Abstract
Background. Untreated human immunodeficiency virus (HIV) infection is associated with changes in blood lipids, inflammation, thrombotic activity, and increased risk for cardiovascular disease. Methods. We studied high-density lipoprotein particle (HDL p) concentrations and inflammatory (high-sensitivity C-reactive protein [hsCRP] and interleukin [IL] 6), endothelial activation (E-selectin and soluble intercellular adhesion molecule-1 [sICAM-1]), and thrombotic (fibrinogen and D-dimer) biomarkers in a group of 32 untreated HIV-infected and 29 uninfected persons.

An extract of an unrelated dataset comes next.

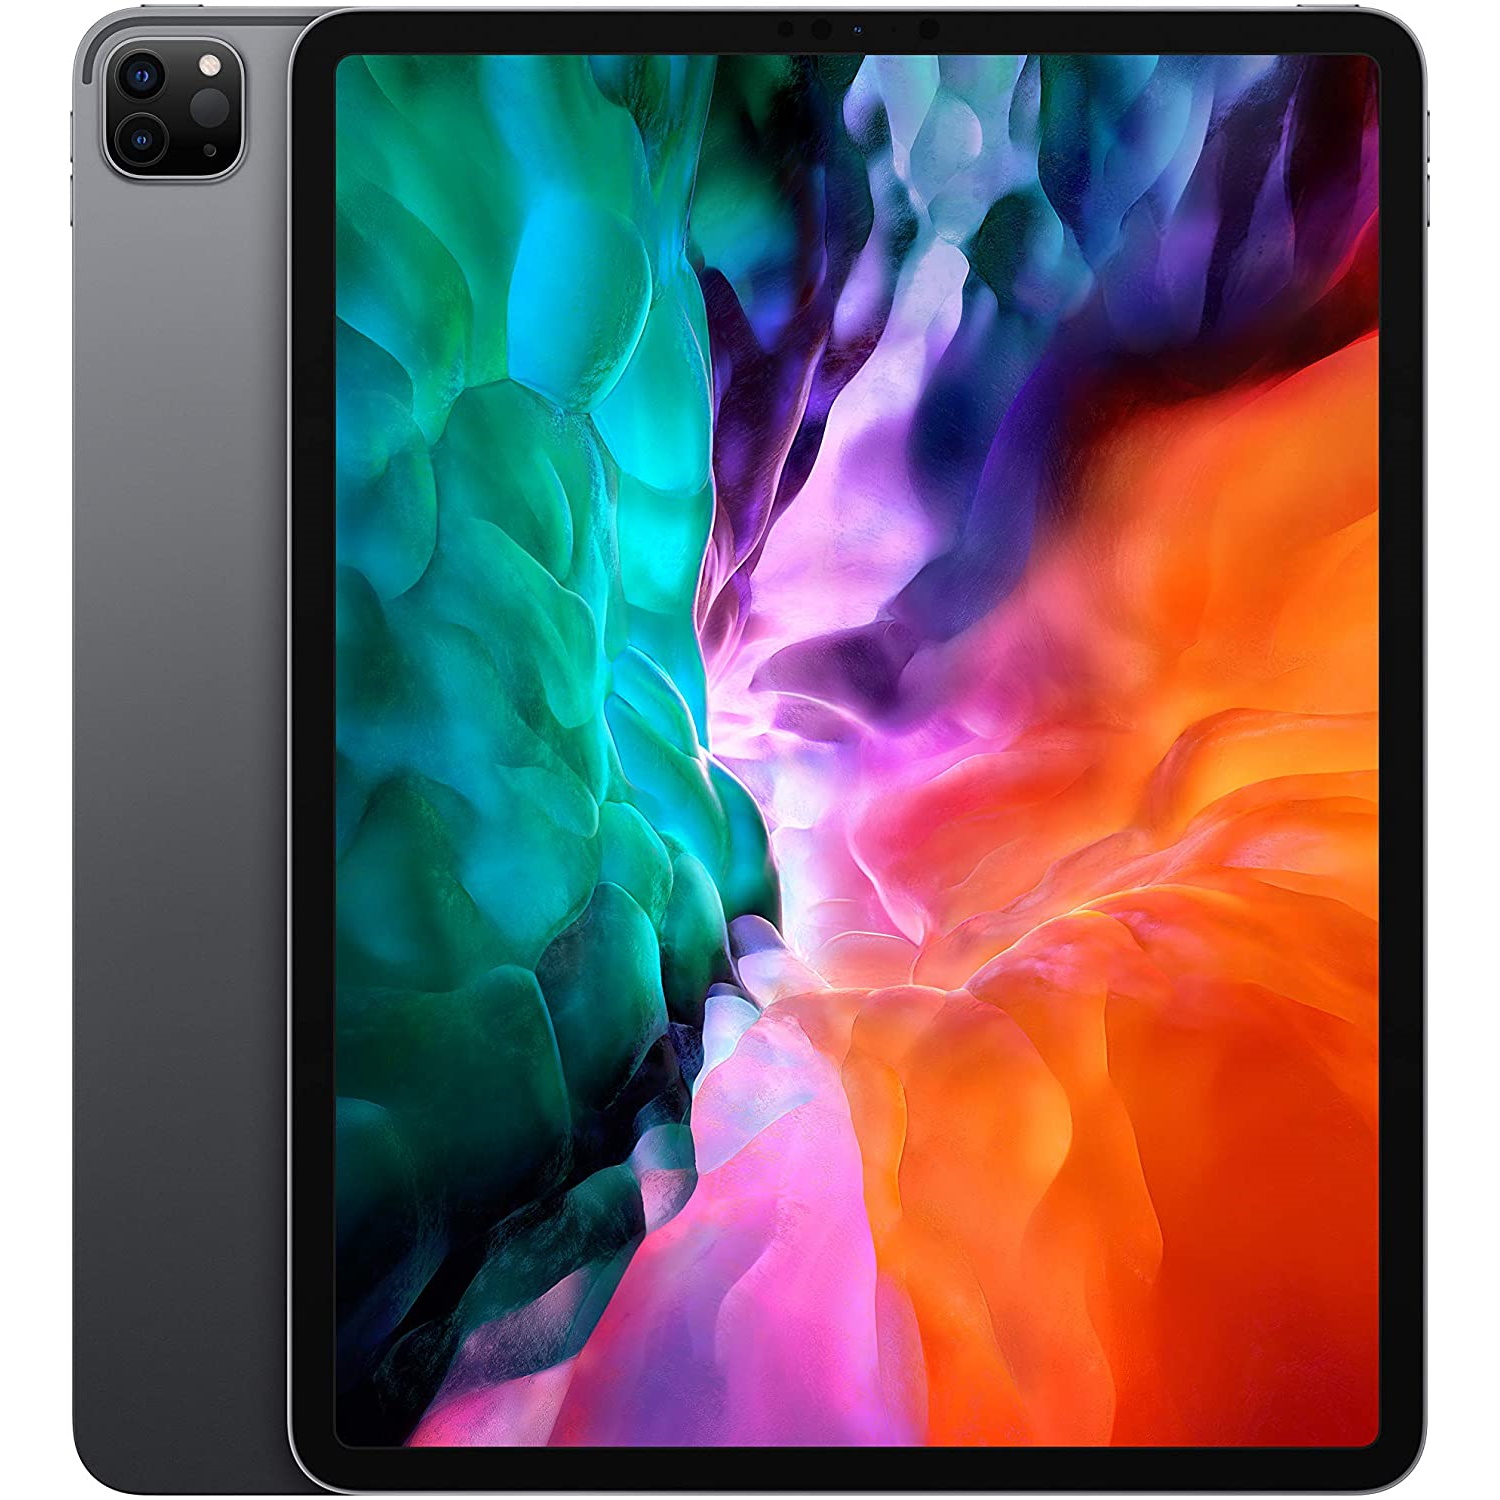 The latest model Apple iPad in 2021 3

Differences in the levels of blood lipids and biomarkers by HIV status were examined before and after adjustment for age, sex, race/ethnicity, smoking status, body mass index, and the presence of hepatitis C. Results. HIV-infected participants, compared with uninfected participants, had lower HDL cholesterol (HDLc) levels (-26%) and HDLp numbers (-21%), with reductions in large (-50%) and small (-20%) HDLp, specifically (P≤.01 for all). A trend was present for higher total cholesterol (P = .15) and triglyceride levels (P = .11) among individuals with HIV infection. Levels of IL-6, sICAM-1, and D-dimer were 65%-70% higher in HIV-infected participants (P≤ .02 for all). Covariate adjustment did not diminish these associations. For HIV-infected participants, total and small HDLp (respectively) tended to correlate inversely with levels of IL-6 (P = .08 and P = .02), sICAM-1 (P<.01 for both) and D-dimer (P = .03 and P<.01). Conclusions. Persons with untreated HIV infection have lower HDLp (primarily large and small HDLp) and higher IL-6, sICAM-1, and D-dimer levels, and the relationship of these markers to HIV-mediated atherosclerotic risk requires further study.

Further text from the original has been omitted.